A left outer join returns all the rows from the left table, and any matching rows from the right table. An example is shown below:

  • The Borrower table is the first table specified in the FROM clause of the SELECT statement, so the Borrower table is the LEFT table, and the Loan table is the RIGHT table.

  • In the FROM clause, Borrower is listed on the left side of the join operator, therefore all rows from the Borrower table will be selected and combined with the contents of the Loan table based on the criteria specified in the query.

  • In this example, the criteria is the BORROWER ID column. For a LEFT OUTER JOIN, simply called a LEFT JOIN, the following columns from the Borrower table will be selected: BorrowerID, LastName, and Country, and the following columns will also be selected from the Loan table: BorrowerID, and LoanDate.

  • The LEFT JOIN selects each BORROWER ID in the Borrower table and displays the LoanDate from the Loan table. The result set shows each Borrower ID from the borrower table, and the loan date for that borrower. For example, there is no loan date for the last three rows, so the borrower ID and loan date show null values.

RIGHT JOIN Operator

A right outer join returns all the rows from the right table, and any matching rows from the left table. An example is shown below:

  • In the FROM clause, the Loan table is listed on the right side of the join operator, therefore all rows from the Loan table will be selected and combined with the contents of the Borrower table based on the criteria specified in the query.

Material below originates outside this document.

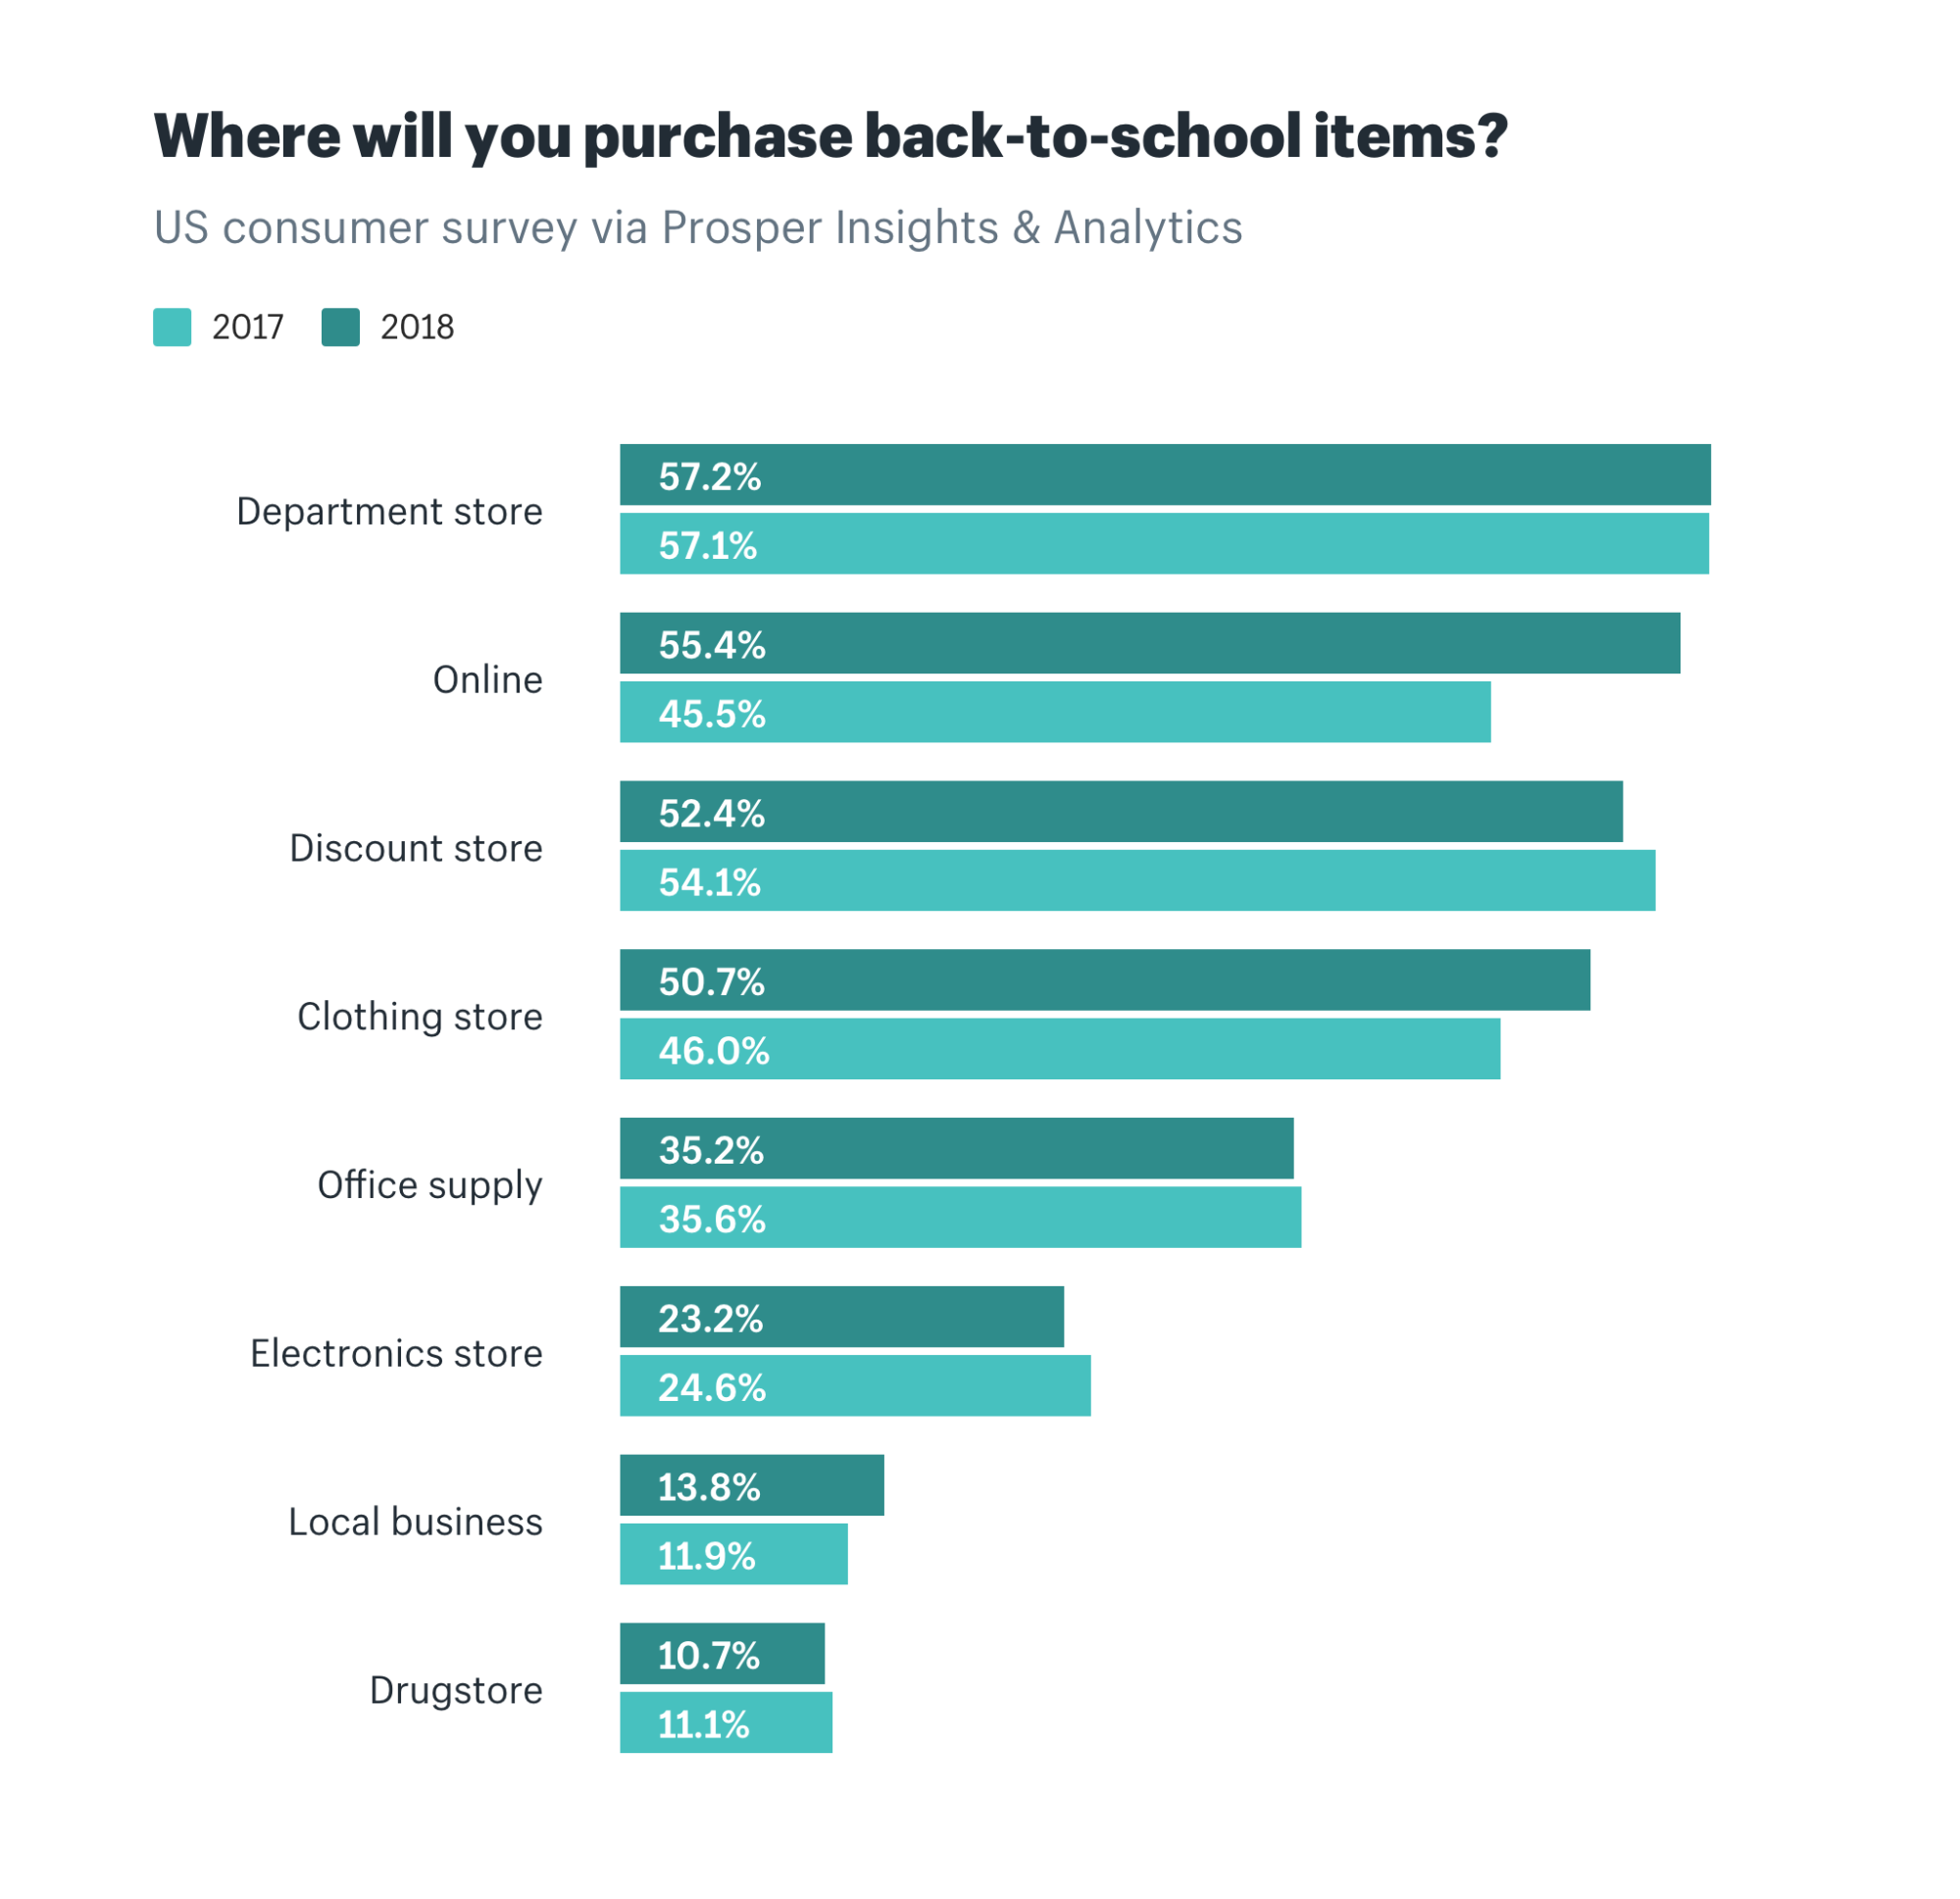 Where will you purchase back to school items

  • The criteria is the BORROWER_ID column. For a RIGHT JOIN, the following columns will be selected from the Loan table: Borrower_ID, and LoanDate, and the following columns will also be selected from the Borrower table: Borrower_ID, LastName, and Country where the Borrower_ID in the Loan table matches the Borrower_ID in the Borrower table.

  • The result set shows each Borrower_ID from the Loan table and the LoanDate for that Borrower, where the Borrower_ID in the Loan table also exists in the Borrower table.

  • For the last row, there is no matching row in the Borrower table, so the Borrower_ID, Lastname, and Country show null values. This could indicate a problem for the library; it indicates there is a book on loan to an unknown person.

FULL JOIN Operator

A full outer join, or full join, returns all rows from both tables. An example is shown below:

  • For a FULL JOIN, all rows are selected from the Borrower table and all rows from the Loan table are also selected.

  • The result set shows all eight records from the Borrower table listed with the corresponding data from the Loan table.